If we make any additional funding through our fundraising campaigns then I would like to offer storytelling / writing workshops for children and watercolor/ calligraphy classes for adults in local Hospices. I’m also hoping to build relationships with bereavement counselors and help provide funding for them to be involved. This can only work if the sale of my first two books which are nearly finished are successful. Only time will tell. I’m sure we will find a way to provide funding to work together with families, charities and hospices.
I’ve also considered selling some of my artwork, perhaps in an auction or online and running story writing competitions. I’ve attended children’s story writing workshops, art classes and a monthly local writers group. Selling completed books on amazon and possibly finding a traditional publishing contract would be another way to raise money towards making future books incredibly affordable.
I’ve started a Tailored Yarn facebook page and more recently opened accounts on twitter and instagram to build up my social media presence. I’m making slow steady progress so any support would be very much appreciated. If anyone uses these social media channels regularly it would be great to hear from you.
It helped that I recently entered an entrepreneur competition with my local university, where I’ve been studying a masters in psychology.

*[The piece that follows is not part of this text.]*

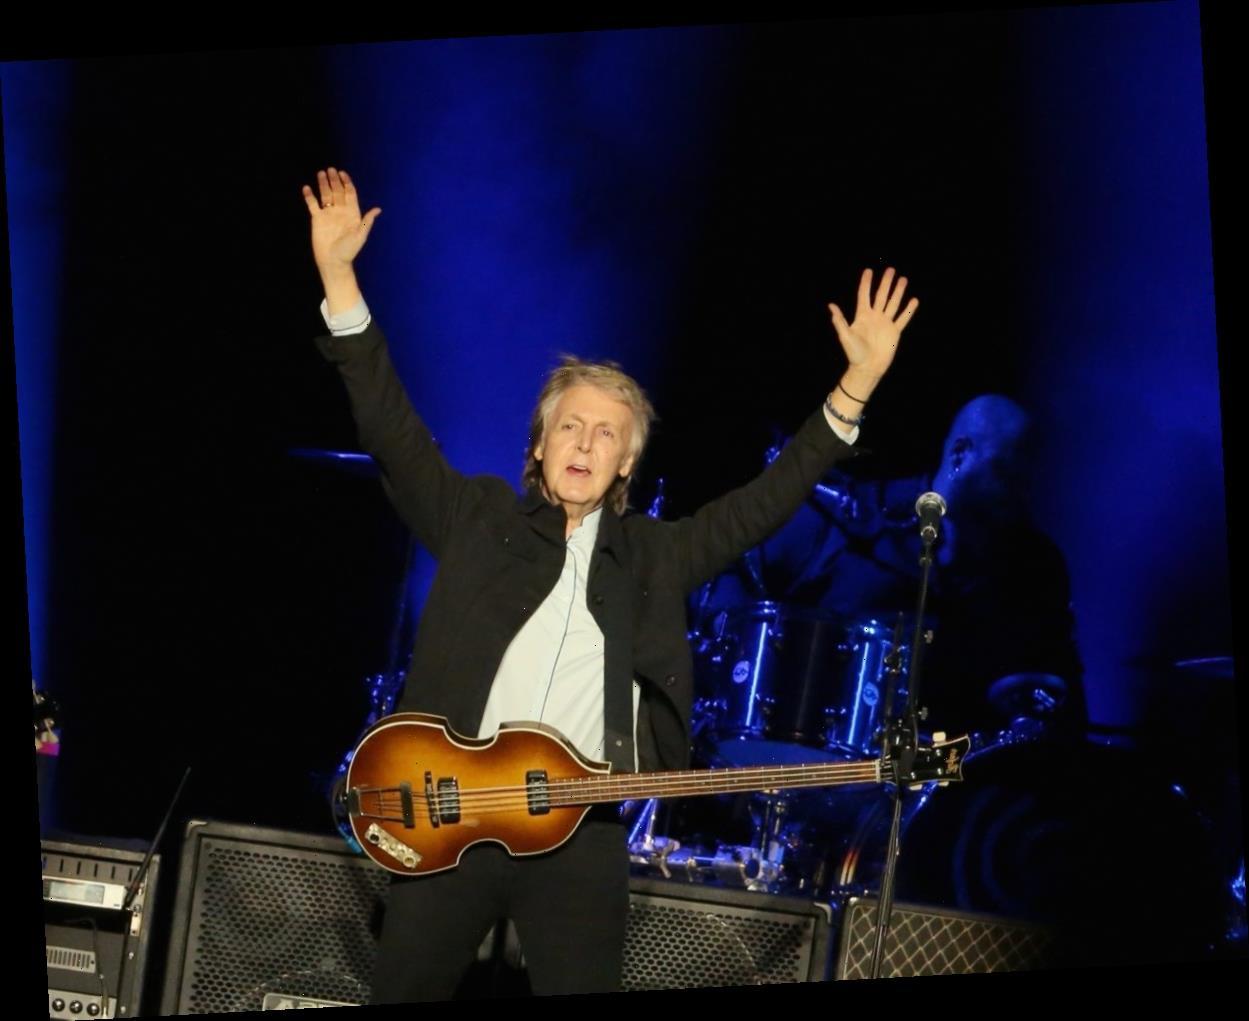 Paul McCartney Explains Why He's Jealous of Bob Dylan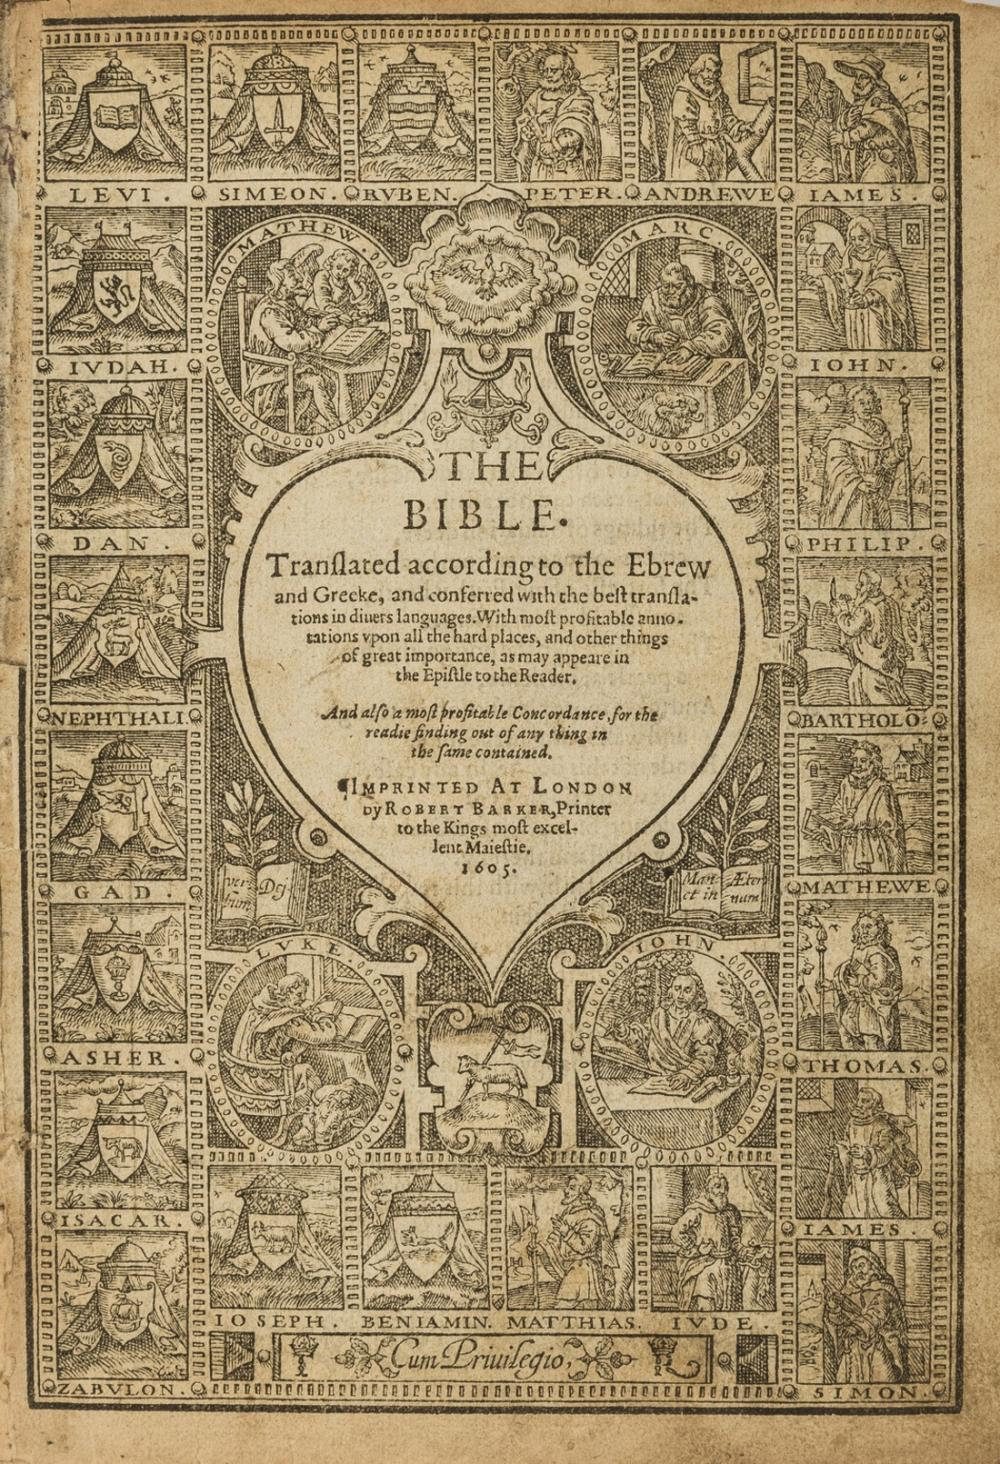 Bible (English) The Bible, 1605.

I only entered thinking I’ve got nothing to lose but not anticipating that my life could change overnight. Even more valuable than the prizes which included marketing consultancy, social media diagnostics and a publishing grant was the feedback from the judges who all wanted to see this business get set up and running. Up until this point I just thought that it was a nice idea but unsure if it would ever really take off. Now I’ve got the confidence to put the rest of life on hold to find out if it will.
I now have a small team of a few friends who are helping me with this project. Marketing and promotion will be based on good reviews and possibly news articles and local media publicity.
I’m interested to know what you think of this business idea. Tailored Yarn would be here to serve families in the community so I need to know how this can best be achieved.
Gillian belongs to a local group called Riverside Writers, who meet in her local library every month. When she first joined she was nervous about sharing her stories and just enjoyed listening to others. Being part of this group and participating more, over the last couple of years, has increased her confidence and developed her creativity.
When she is not looking after her children or writing books Gillian enjoys a range of interests and hobbies. Her favourite is painting with watercolour and she is keen to expand her work as an illustrator. Please see gallery page for examples of children’s illustration work. She also really enjoys playing badminton in the local league as it keeps her fit and healthy as well as being part of a very sociable club. She also enjoys regularly playing boardgames and hosting charity bake sales with her kids.